I was just reading a Flying magazine article here and it had some good tidbits...

 

http://www.flyingmag.com/pilot-reports/jets/embraer-phenom-300

 

The PW535Es are fadec engines, but they don't have detents. Instead, you set the power by lining up the levers with the bright white lines on the quadrant. The fadec synchronizes the engines for you. It's just one more single-pilot convenience, and at a critical phase of flight.

 

With a push of the takeoff/go-around button, we were ready to go. I advanced the throttles and off we went. Directional control was smooth, and I had no trouble keeping the centerline. Our V1 speed of 109 knots came quickly with rotation a blink of an eye after that. Gear up, flaps up. Initial rate of climb was eye-popping, around 4,000 fpm even at our relatively heavy weight. For climb you simply reduce power to the climb setting on the levers — it really is that easy — and watch as the airplane goes up. Going out I hand-flew, following the flight director to guide us on our way.
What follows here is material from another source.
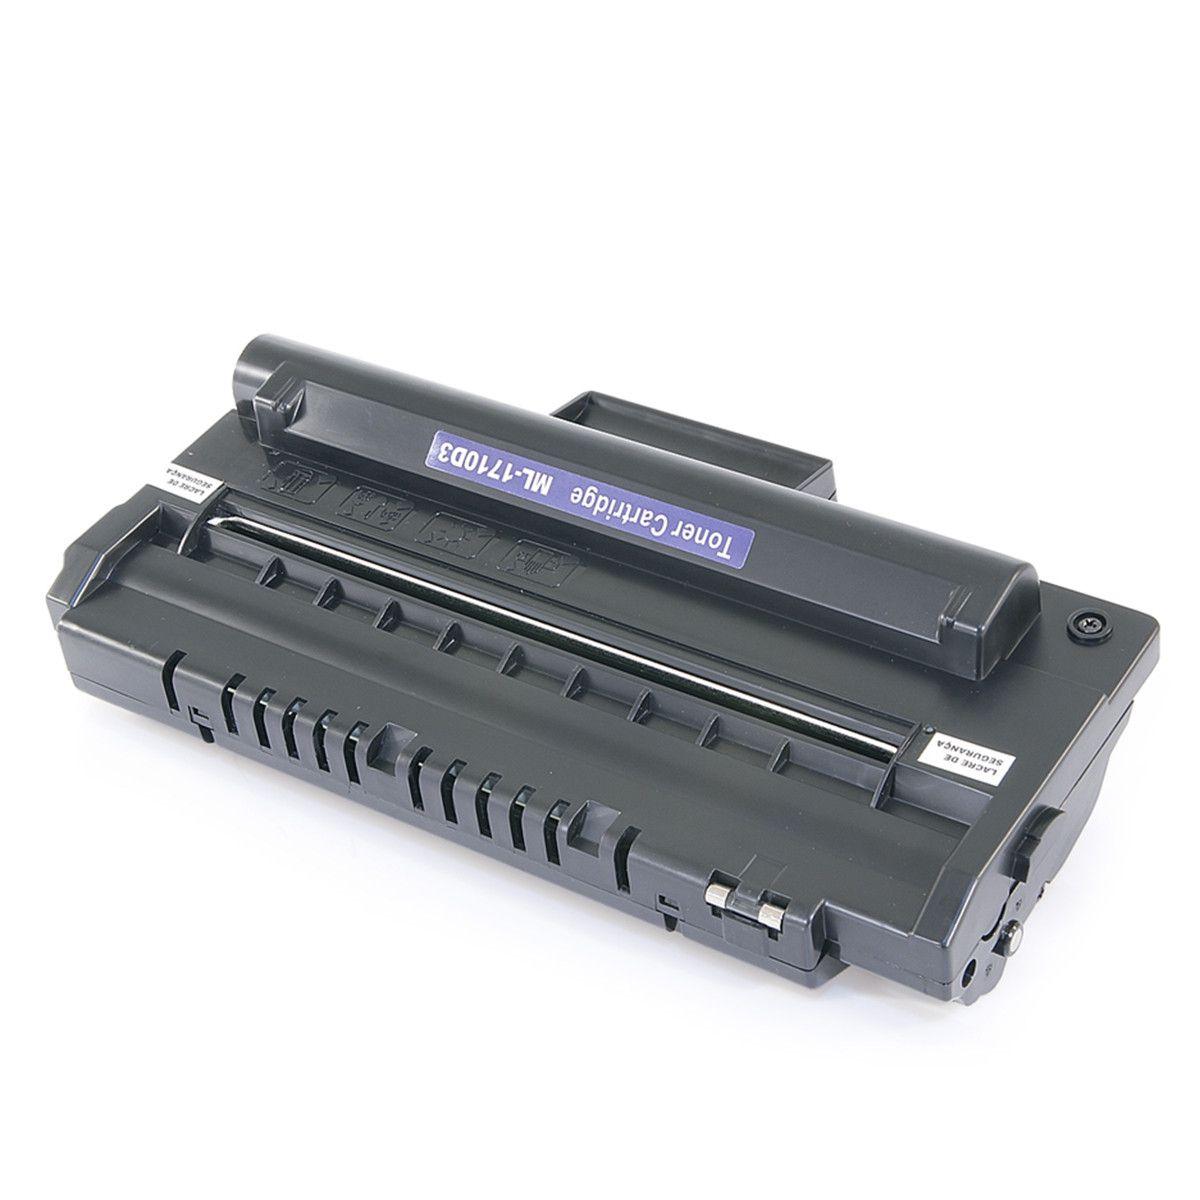 Toner compatível SAMSUNG ML1710D3   ML1410 ML1500 ML1510 ML1710 ML1750 ML1755 - 3.000 Páginas - Cartucho & Cia

We were given a climb to 12,000 feet and then to 20,000 right off the bat with no intermediate level-offs. That rarely happens in the States. Soon thereafter, we were given a climb to 40,000 and then our final altitude of 43,000 feet. It took us just 20 minutes to get to FL 400 and another four minutes to reach 43,000. Up through 36,000 feet, we were still climbing at better than 1,500 fpm, and from there we maintained at least 1,200 fpm. For a light jet, the 300 is a strong climber.

 

I leveled the airplane off, reduced power to the long-range cruise setting of Mach .65 and looked at the numbers. At FL 430 we were doing 365 knots true, burning around 112 gph, or around 750 pounds per hour total. In smooth air and all by ourselves, we slipped past the capitol of Brasilia and cruised along toward our first stop, the Amazonian outpost of Manaus, where we needed to stop for customs even though we had the range to continue on to Venezuela. High-speed cruise is a lot faster, better than 450 knots, and with the nearly 2,000 nm range of the 300, that is a speed that many pilots will get to use when they fly shorter legs than we were flying that day.

 

....

 

Our approach speed was 109 knots, and I found it easy to maintain Vref within a knot or two. I had been tutored by José on the landing technique, which is, somewhat surprisingly, very similar to that used in the Phenom 100.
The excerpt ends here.